Metadata-Version: 2.1
Name: syphus
Version: 0.0.1
Summary: Syphus: Automatic Instruction-Response Generation Pipeline
Home-page: https://github.com/pufanyi/syphus
Author: Fanyi Pu
Author-email: FPU001@e.ntu.edu.sg
Classifier: Development Status :: 3 - Alpha
Classifier: Intended Audience :: Developers
Classifier: Programming Language :: Python :: 3
Classifier: Programming Language :: Python :: 3.7
Classifier: Programming Language :: Python :: 3.8
Classifier: Programming Language :: Python :: 3.9
Classifier: Programming Language :: Python :: 3.10
Classifier: Programming Language :: Python :: 3.11
Description-Content-Type: text/markdown
License-File: LICENSE
Requires-Dist: ruamel.yaml (==0.17.32)
Requires-Dist: PyYAML (==6.0.1)
Requires-Dist: openai (==0.27.8)
Requires-Dist: orjson (==3.9.4)

# Syphus

Syphus: Automatic Instruction-Response Generation Pipeline

## Installation

```bash
pip install syphus
```

## CLI Usage

You can easily use the Syphus CLI for operations.
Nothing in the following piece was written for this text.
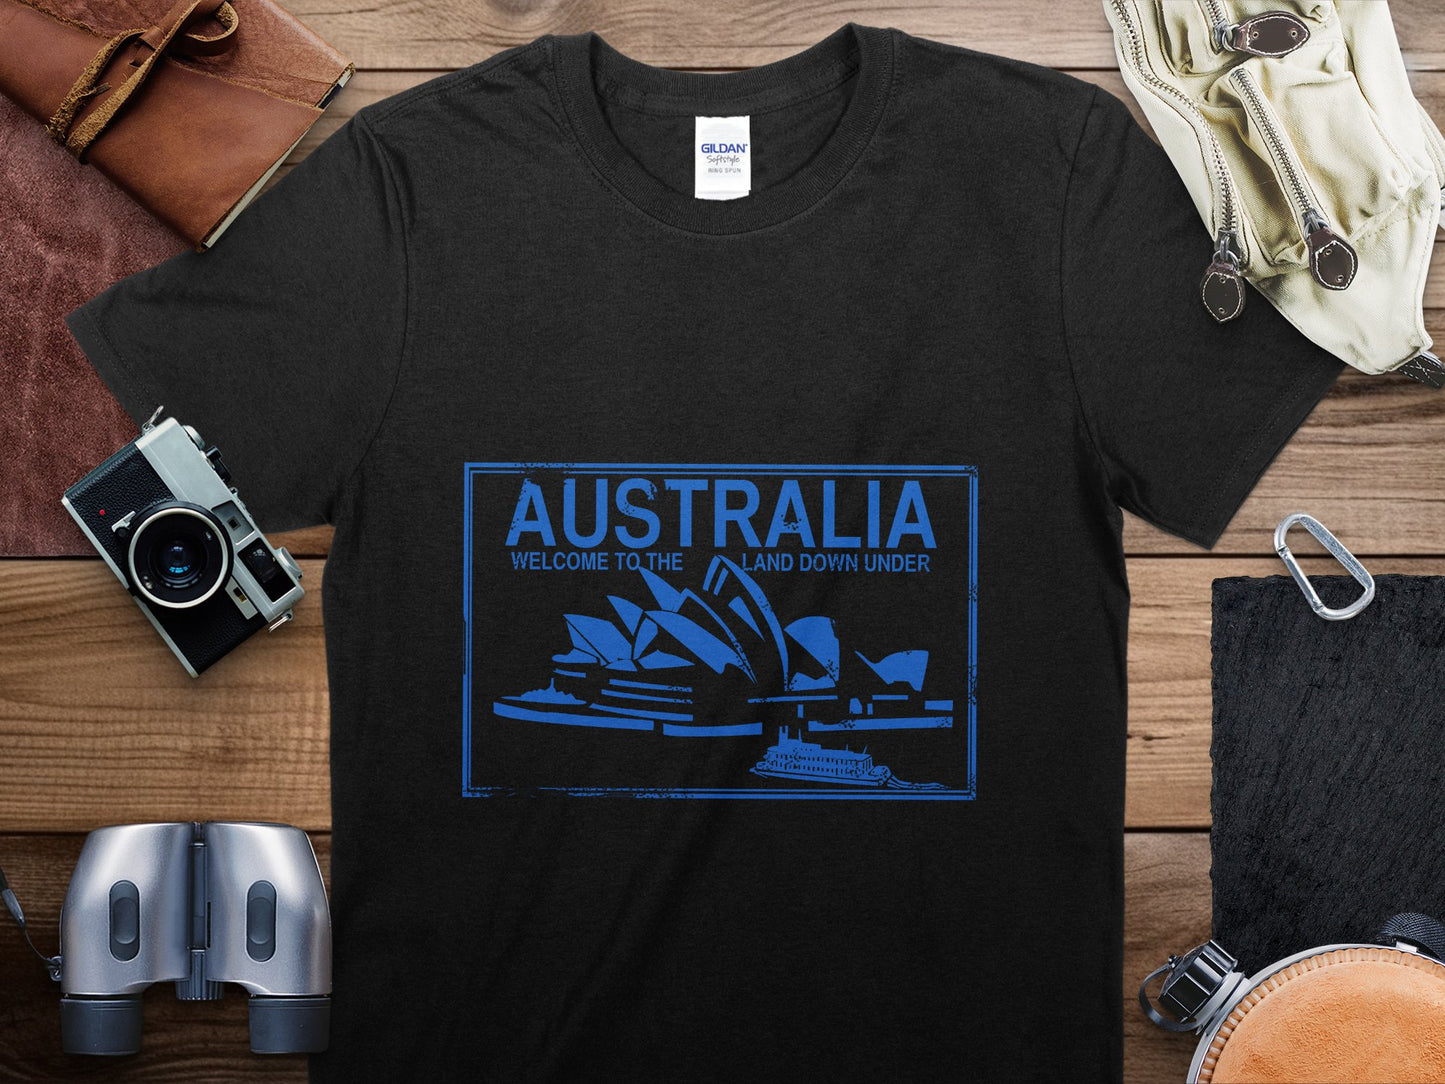 Australia Stamp Travel T-Shirt, Australia Travel Shirt

First, choose an empty folder for initialization:

```bash
syphus init <folder>
```

The structure of the folder will be:

```
<folder>/
    config/
        gpt_info.yaml
        prompt.yaml
    resources/
        media_infos.json
```

### Configuration

You can edit gpt_info.yaml and prompt.yaml to customize the generation.

### Edit Media Data

Then, change the `resources/media_infos.json` to include the media data you want to generate.

You can use two different styles of `resources/media_infos.json`:

```json
{
    "id_1": {
        "data_1": "data_1_1",
        "data_2": {
            "data_2_1": "data_2_1_1",
            "data_2_2": "data_2_2_1",
        }
    },
    "id_2": [
        "data_2_1",
        "data_2_2",
    ],
    "id_3": "data_3",
    ...
}
```

or

```json
[
    {
        "id": "id_1",
        "data_1": "data_1",
        "data_2": {
            "data_2_1": "data_2_1",
            "data_2_2": "data_2_2",
        }
    },
    {
        "id": "id_2",
        "data_1": "data_1",
        "data_2": "data_2",
    },
    ...
]
```

Optionally, you can change the `resources/media_infos.json` to `resources/media_infos.jsonl`, but the format should like the second one of `resources/media_infos.json`:

```jsonl
{"id": "id_1", "data_1": "data_1", "data_2": "data_2"}
{"id": "id_2", "data_1": "data_1", "data_2": "data_2"}
```

### Generate

After editing the `resources/media_infos.json`, you can generate the instruction-response pairs:

```bash
syphus query <folder>
```

or

```bash
cd <folder>
syphus query
```

You can use `syphus query --help` to see more options.